24 November 2008

La Pintade farcie

Here's the recipe for stuffed guinea hen with port wine. It's pretty simple, really.

Une pintade or guinea hen

The pintade I bought at the supermarket weighed 1.3 kg or about 2½ lbs.
Stuffed Guinea Hen

a 2½ lb. guinea hen
4 slices of bread
6 Tbs. milk
1 egg
¼ lb. sausage meat
1 Tbs. chopped parsley
4 Tbs. port wine
3 sprigs of thyme
2 Tbs. cooking oil
1 oz. butter
salt and pepper

Trim the crusts off the bread and put it to soak in the milk. Mash it with a fork and add the egg, the sausage meat, 2 Tbs. of port wine, the parsley, and a little salt. Mix this all with a fork (or your fingers) to get a smooth paste.

Put this stuffing into the guinea hen. Sew up the bird. Put the bird in a dish and pour the rest of the port over it, along with the oil and the sprigs of thyme. Cover it and let it rest for 24 hours, turning the hen over twice in the marinade.

Melt the butter in a pan. Take the bird out (saving the marinade) and brown it on all sides on fairly high heat. Then put it in a pre-heated 220ºC/400ºF oven and let it cook, uncovered, for 30 minutes. Baste it with the marinade, cover it, and let it cook for another 20 minutes in the oven.

To serve the guinea hen, cut it up as you would a chicken and arrange the pieces on a warm platter. Take the stuffing out and cut it into slices.
The hen enjoyed a vegetarian diet.

My variations on this mainly have to do with the meat I used for the stuffing. Instead of ground pork sausage meat, I bought what they call chair de volaille or ground poultry. I don't know if it is ground chicken or turkey. It doesn't matter. I also added a chopped shallot to the stuffing because I thought that flavor would be good.

Guinea hen is a little gamier than chicken but not so much so
as pheasant. They are all in the same family.

If you don't know, guinea fowl are relatives of the chicken and the pheasant. They come from Africa but are raised in Europe and America for food now. I remember my great-aunt had guinea hens on her farm in South Carolina back in the 1960s when we first went to visit her.

Here's the recipe in French.
Pintade farcie

1 pintade de 1 kg
4 tranches de pain de mie
6 cuillerées à soupe de lait
1 œuf
100 g de chair à saucisse
1 cuillerée à soupe de persil haché
4 cuillerées à soupe de porto
3 branches de thym frais
2 cuillerées à soupe d'huile
30 g de beurre

Parer les tranches de pain de mie et les faire tremper dans le lait. Écraser avec une fourchette et ajouter l'œuf, la chair à saucisse, 2 cuillerées à soupe de porto, le persil, un peu de sel. Mélanger avec une fourchette jusqu'à l'obtention d'une pâte homogène.

Mettre cette farce dans le ventre de la pintade.
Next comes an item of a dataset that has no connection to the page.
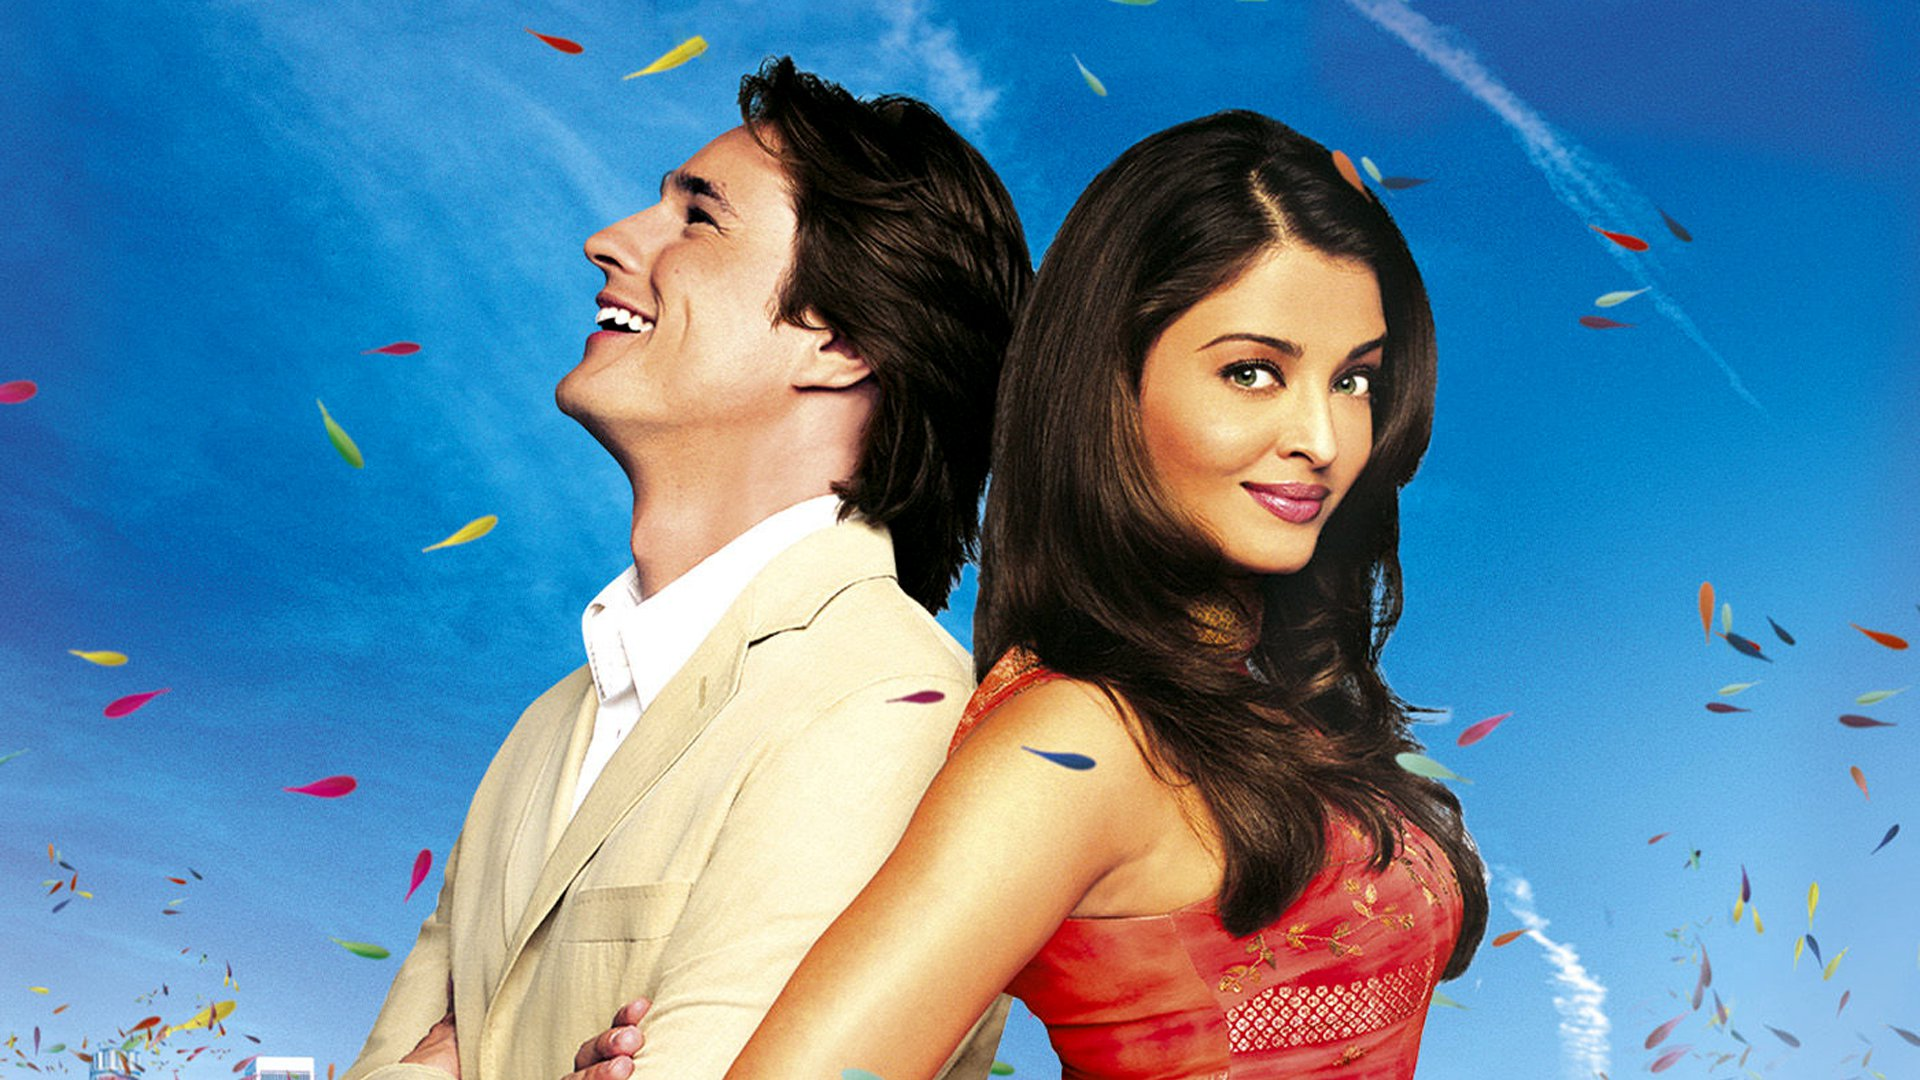 Coup de foudre bollywood 2004 film cin s ries - Le film coup de foudre a bollywood ...

Coudre les deux ouvertures, à la base du cou et à l'extrémité opposée. Disposer la pintade dans un plat, la mouiller avec le reste du porto, ajouter l'huile et le thym ; couvrir et laisser reposer 24 heures, en retournant deux fois la volaille.

Faire chauffer le beurre dans une cocotte ; y-mettre la pintade bien égouttée de la marinade (qu'il faut conserver) et la faire dorer de tous les côtés à feu assez vif. Mettre au four préchauffé à 220°C et laisser cuire à découvert pendant 30 minutes, mouiller avec le liquide de la marinade, couvrir et laisser cuire encore 20 minutes au four.
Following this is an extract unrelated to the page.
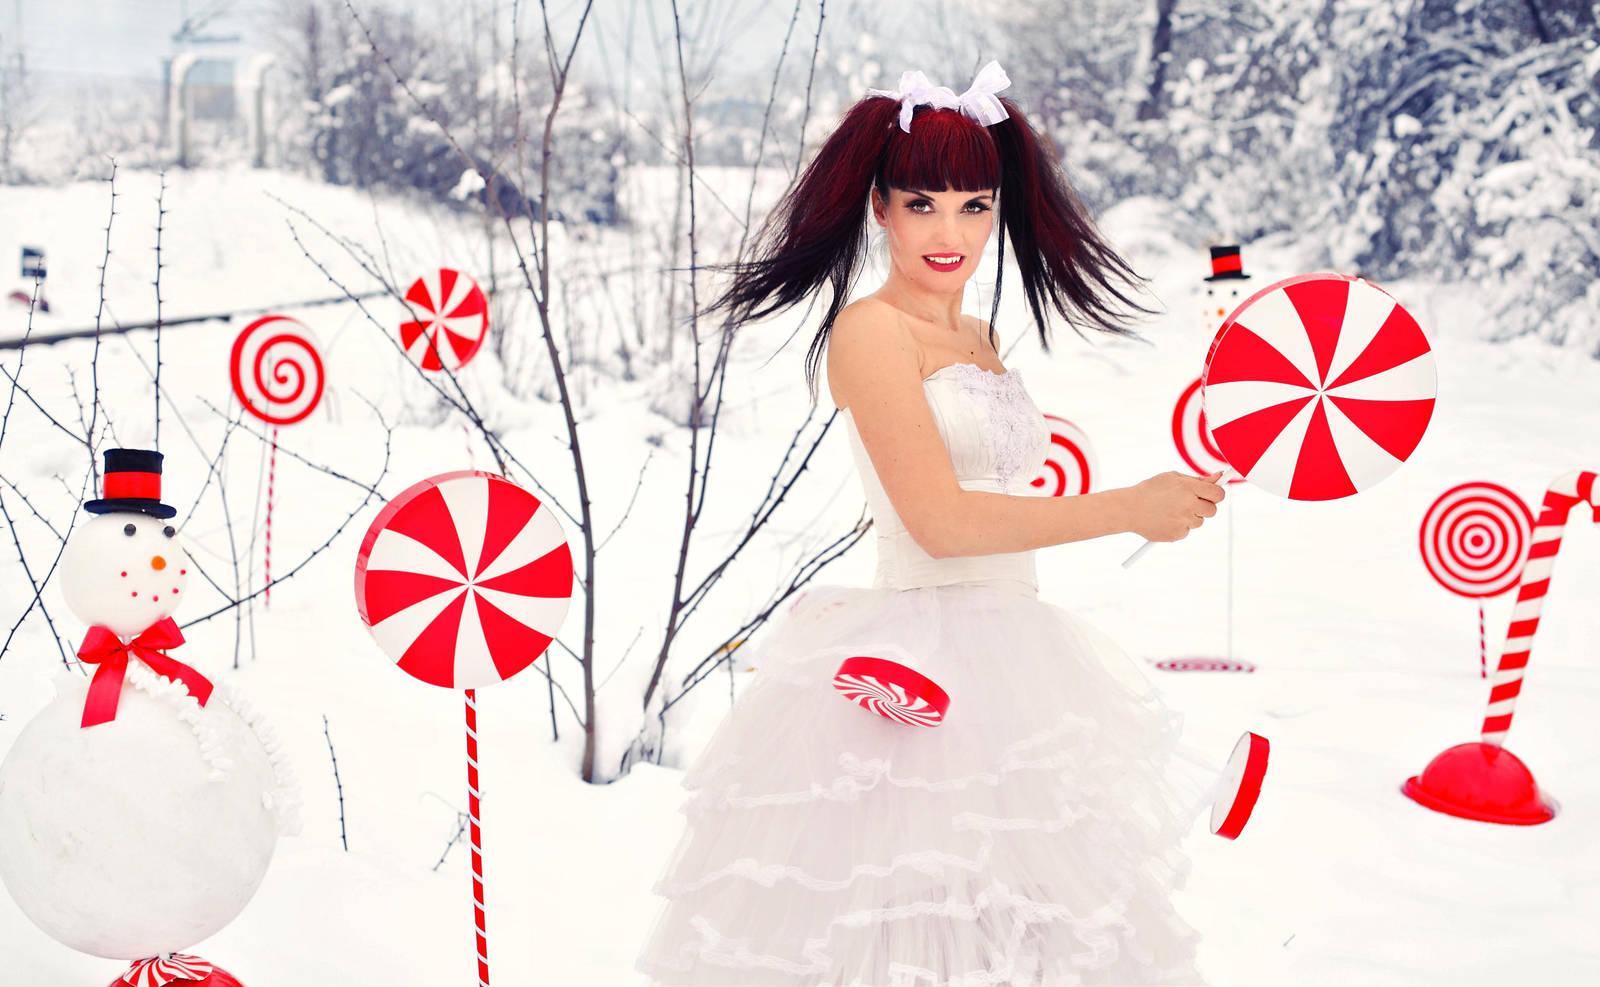 Lost in Wonderland by LadyOfTheShadow

Pour servir, découper la pintade comme un poulet et disposer les morceaux sur un plat de service chaud avec la farce coupée en tranches.
I'll let you know tomorrow how it all came out. It will be tonight's dinner.


  1. I don't believe that I had ever thought about a guinea hen being something different from a HEN hen! I've certainly seen the word pintade before, though. I'm looking forward to seeing pictures of the finished product, and hearing about the success.


  2. Are they the cute ones with black and white specks? I haven't read your blog in a long time, Ken. So sorry! I've been busy, but I miss reading your blog so much. It keeps me connected. I'm gonna try to jump right back in. Hope you, Walt, and Callie are doing very well.